We say that the sample mean, \(\bar{X_n}\), converges in probability to \(\mu\). In other words, as sample size increases, the sample mean will equal the population mean.

This is a profound result: if you have a large sample, you can be almost certain that the sample mean equals the population mean!

Illustration: WLLN in action

Properties of estimators

Definition

A (point) estimator, \(\hat{\theta}\), is any function \(g(X_1, ..., X_n)\) of a sample; that is, any (sample) statistic is a (point) estimator.

Example: suppose you are interested in estimating the average income in France. Denoting \(X\) the random variable of income in France, you are effectively interested in \(\mathbb{E}[X]\). What are the desirable properties of estimators of \(\mathbb{E}[X]\)?

  1. Unbiasedness: an estimator, \(\hat{\theta}\), is unbiased for \(\theta\) if \(\mathbb{E}[\hat{\theta}] = \theta\). The bias of \(\hat{\theta}\) in estimating \(\theta\) is equal to \(B = \mathbb{E}[\hat{\theta}] - \theta\).

\(\rightarrow\) we saw earlier that the sample mean \(\bar{X_n}\) is an unbiased estimator of the population mean.

While unbiasedness is desirable (on average, the estimator equals the true value), it does not guarantee our estimator will usually be close to the true value.

Properties of estimators

Definition

A (point) estimator, \(\hat{\theta}\), is any function \(g(X_1, ..., X_n)\) of a sample; that is, any (sample) statistic is a (point) estimator.

Example: suppose you are interested in estimating the average income in France. Denoting \(X\) the random variable of income in France, you are effectively interested in \(\mathbb{E}[X]\). What are the desirable properties of estimators of \(\mathbb{E}[X]\)?

  1. Consistency: an estimator \(\hat{\theta}\) is consistent for \(\theta\) if \(\hat{\theta}\) converges in probability to \(\theta\).

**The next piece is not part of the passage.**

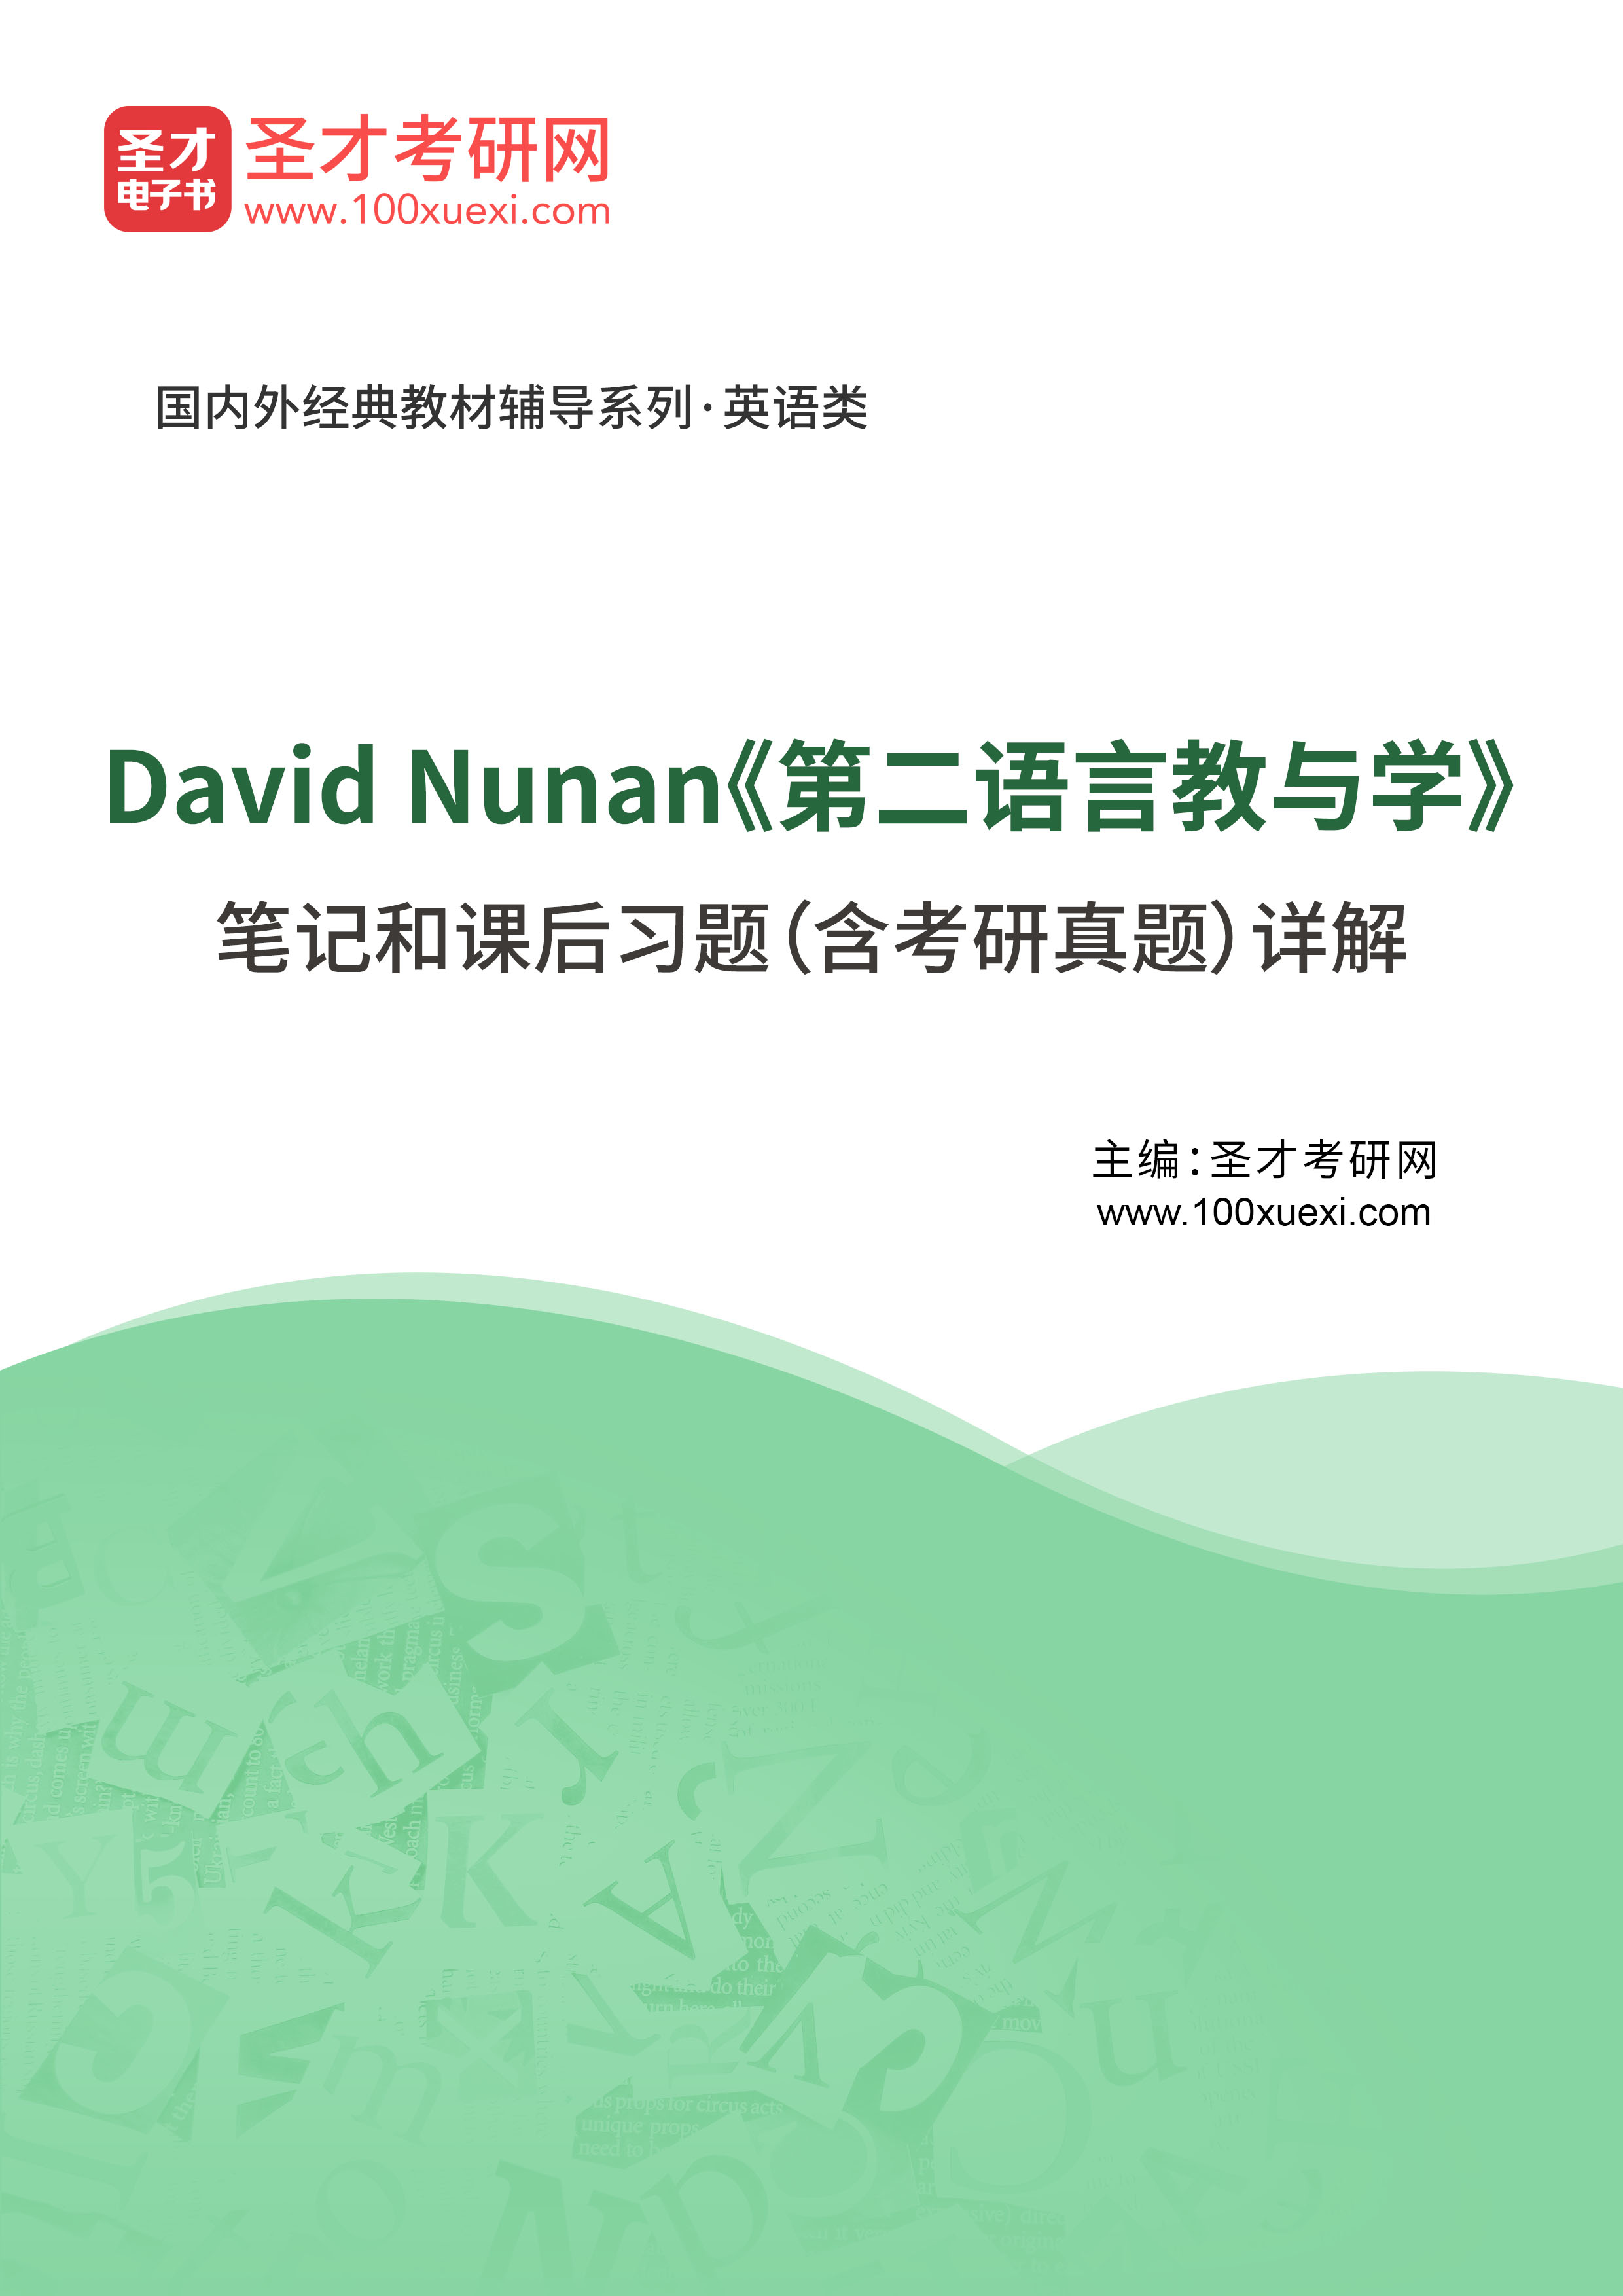 David Nunan《第二语言教与学》笔记和课后习题(含考研真题)详解

In words: if we have a large sample, our estimate \(\hat{\theta}\) is very likely close to the true \(\theta\).

\(\rightarrow\) we saw earlier the WLLN states that the sample mean \(\bar{X_n}\) is a consistent estimator of the population mean.

Sample variance and standard deviation: definitions

The sample variance is:

\[ S_n^2 = \frac{1}{n} \sum_{i=1}^{n} (X_i - \bar{X})^2 \]

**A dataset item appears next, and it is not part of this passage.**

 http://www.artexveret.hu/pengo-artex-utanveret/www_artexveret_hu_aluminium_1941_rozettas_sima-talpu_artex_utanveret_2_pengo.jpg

The sample standard deviation is: \(S_n = \sqrt{S^2}\)

Sample variance properties

Question: Is the sample variance an unbiased estimator of the population variance? (Recall: an estimator \(\hat{\theta}\) is unbiased for \(\theta\) if \(\mathbb{E}[\hat{\theta}] = \theta\).)

Answer: No! Let’s prove it together.

Your turn! #3

Let \(X_1, ..., X_n\) be i.i.d. random variables with a finite expected value \(E[X_i] = \mu\) and \(\mathbb{V}(X_i) = \sigma^2 < \infty\).

  1. Show that \(\mathbb{E}[S_n^2] = \mathbb{E}[X^2] - \mathbb{E}[\bar{X_n}^2]\).

  2. Show that \(\mathbb{E}[X^2] = \sigma^2 + \mu^2\). Hint: recall the formula for the variance using expectations.

  3. Show that \(\mathbb{E}[\bar{X_n}^2] = \frac{\sigma^2}{n} + \mu^2\). Hint: the formula for \(\mathbb{V}(\bar{X_n})\) will be useful.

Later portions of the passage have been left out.